NP. Are you really taking a shot at…widows right now? My friend is widowed at the ripe old age of 37. So don’t add ageism to your nasty post.


She’s talking about the posters here.
Anonymous
Anonymous wrote:Long story short - he was the love of my life and without a doubt 'the one,' but I couldn't be with him because of so, so many circumstances. I was young (20-ish) when we met and we had a whirlwind but enduring romance for the few years it lasted. I am decades older now. Found out recently that he passed away some months ago. The death notice indicates a partner by first name only. I want reach out to thank her for loving him and to share with her that we have a common bond. Have no clue if this is even possible given only a first name at a great distance away with virtually no internet footprint. I am heartbroken. But I don't understand why. For someone who hasn't been in my life in many, many, many years? Mourning what I secretly hoped could have been? For the possibility that one day our paths may have again crossed? Because it drives home the realization that time is short? Because he really was the one that got away? I am surprised at my reaction and cannot lift the funk this news has left me in. Can anyone relate or have words of wisdom to share?

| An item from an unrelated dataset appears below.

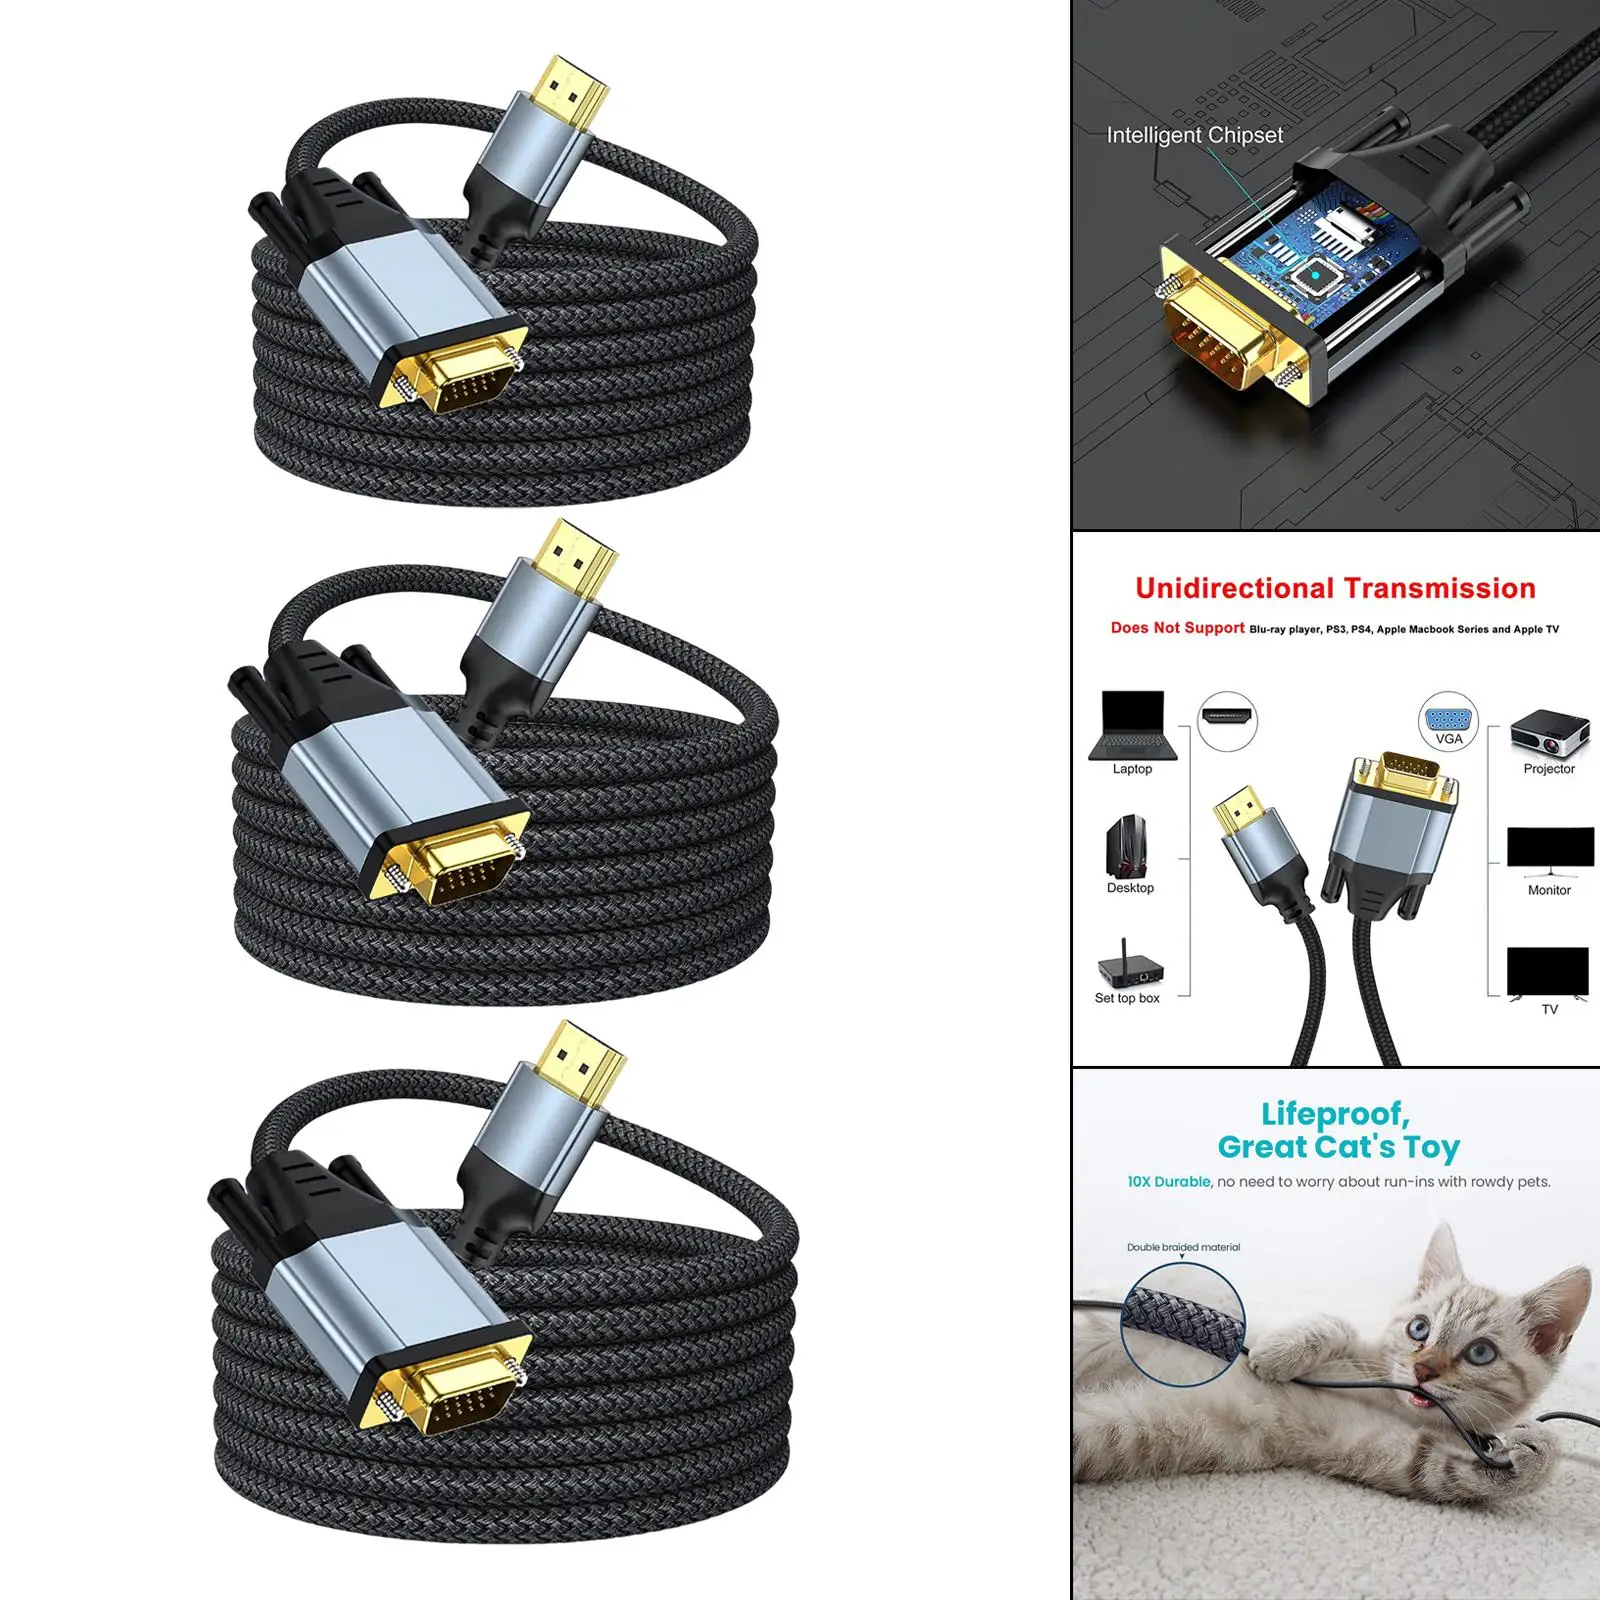   to VGA Cable   Input to VGA Output Converter Cord Male to Male for Notebook Desktop Computer Monitor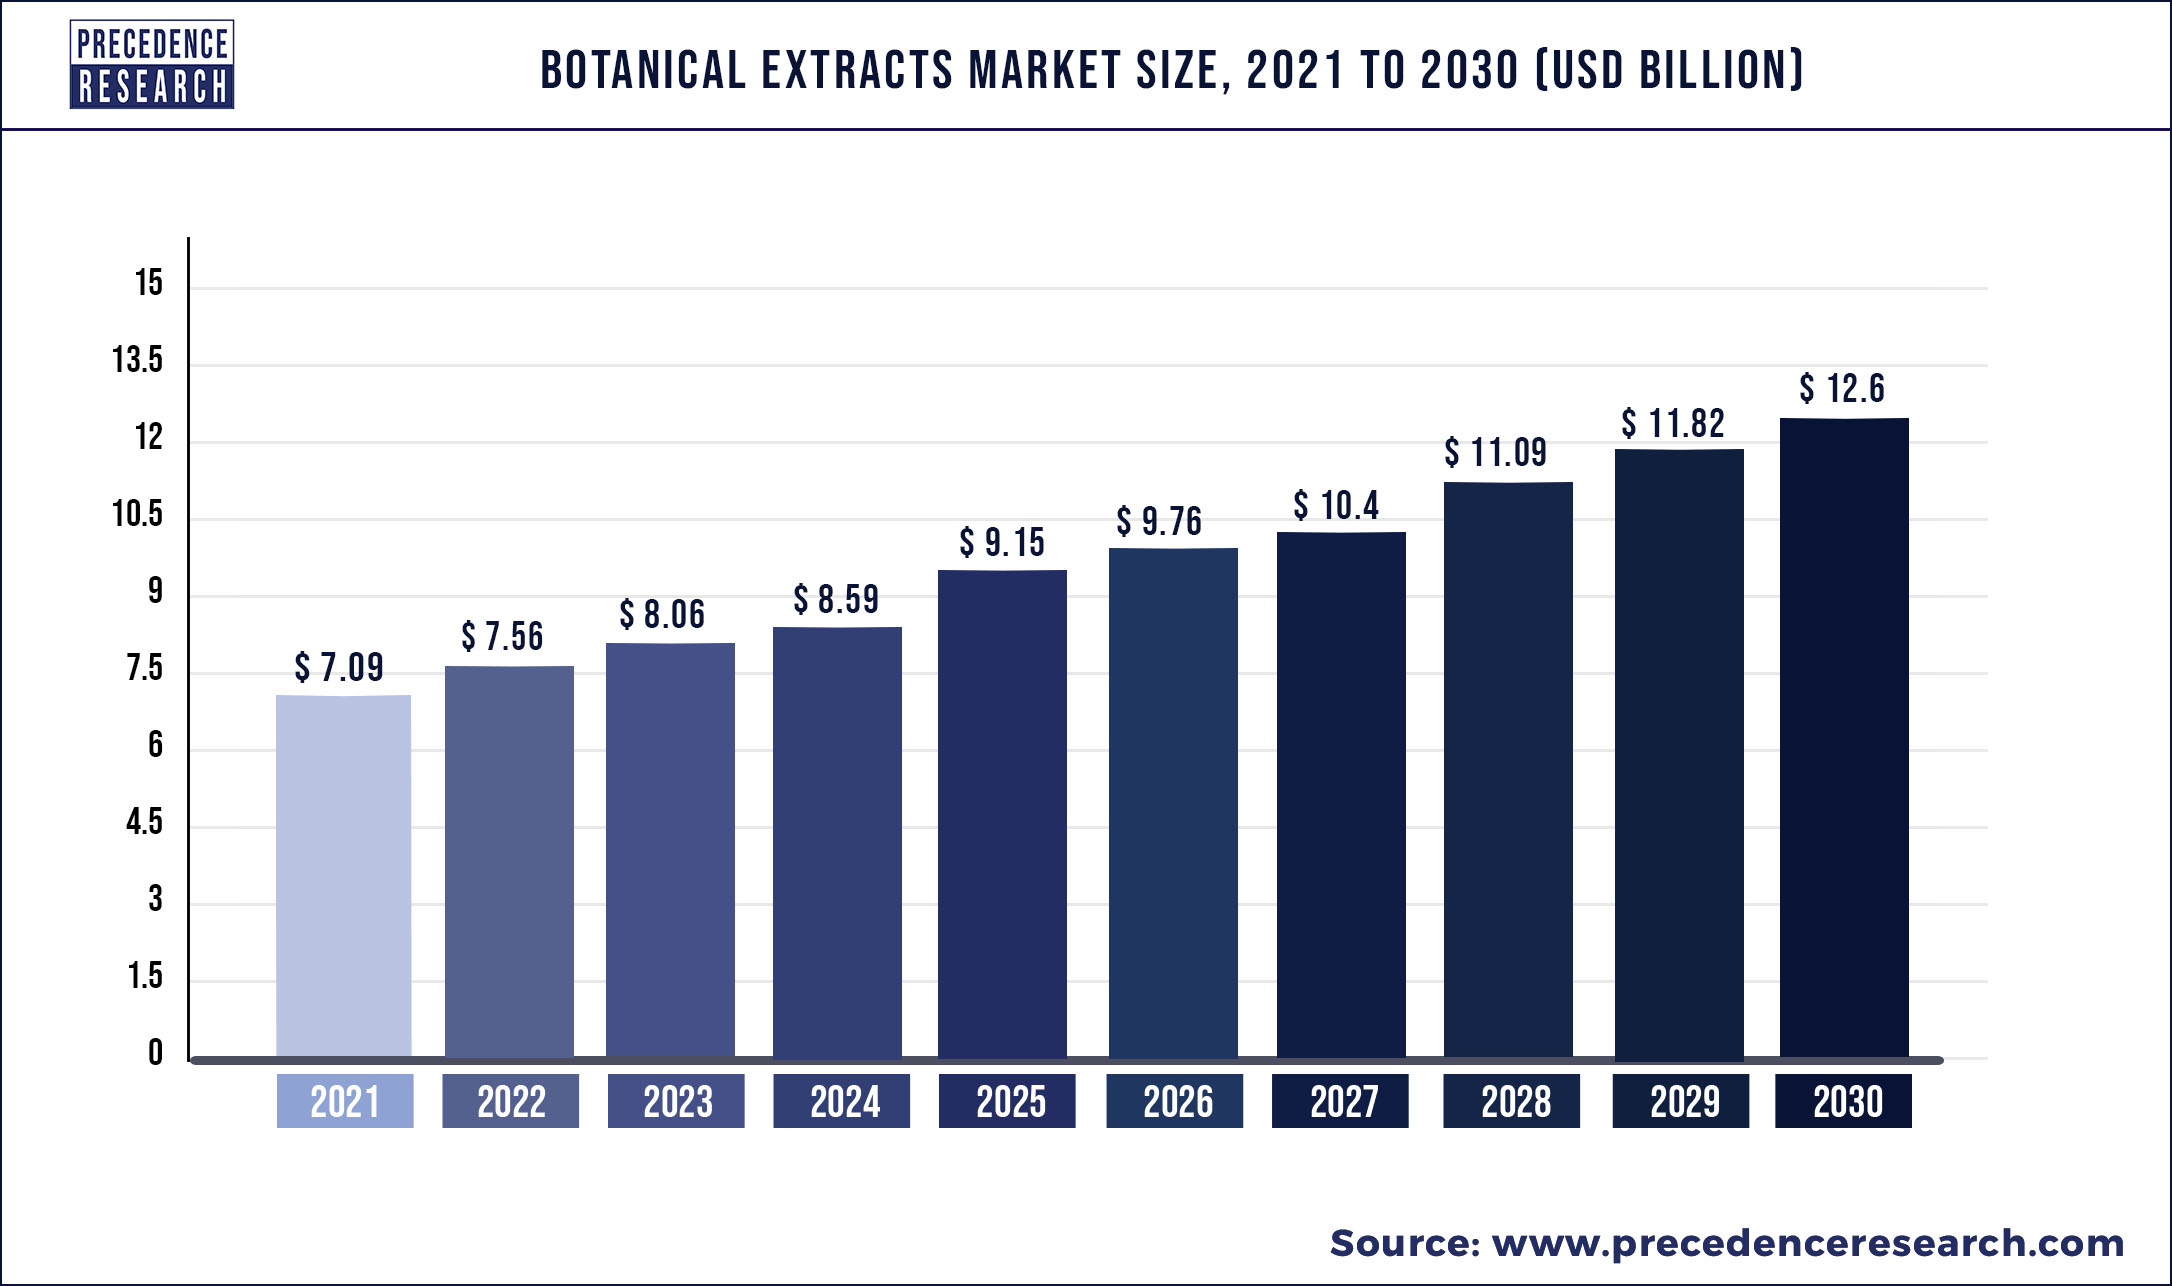 Botanical Extracts Market Size to Exceed US$ 12.6 Billion by 2030 | Says Precedence Research

I’m sorry for your loss. I certainly have an ex I feel this way about, and against what seems to be the great weight of the feeling here, I think it’s is ok to reach out to an ex of this nature, if done respectfully and with no agenda, to check in from time to time. During life. But that window closed for you. His partner is a stranger to you, dealing with unimaginable pain and loss, and you would be betraying both your feelings for him and what you had together if you did anything that added to the partner’s pain, which this would surely do. It would be different if you knew each other, but you don’t.

As for your feelings,I get them. We are all supposed to pretend that feelings end at the end of a relationship, but in my experience for those you truly loved, they never really end. So a person you love is gone, and it’s an indefensible feature of the universe that such a person can be gone. But I would suggest to that the intensity of your grief now is bound up in the loss of youth, an awareness of the many paths that could have been but weren’t, and the many people you could have been happy with. It’s also a tragedy that we only get to choose one life.

The best expression of this I have seen comes from Joan Didion: “we are imperfect mortal beings, aware of that mortality even as we push it away, failed by our very complication, so wired that when we mourn our losses we also mourn, for better or for worse, ourselves. as we were. as we are no longer. as we will one day not be at all.”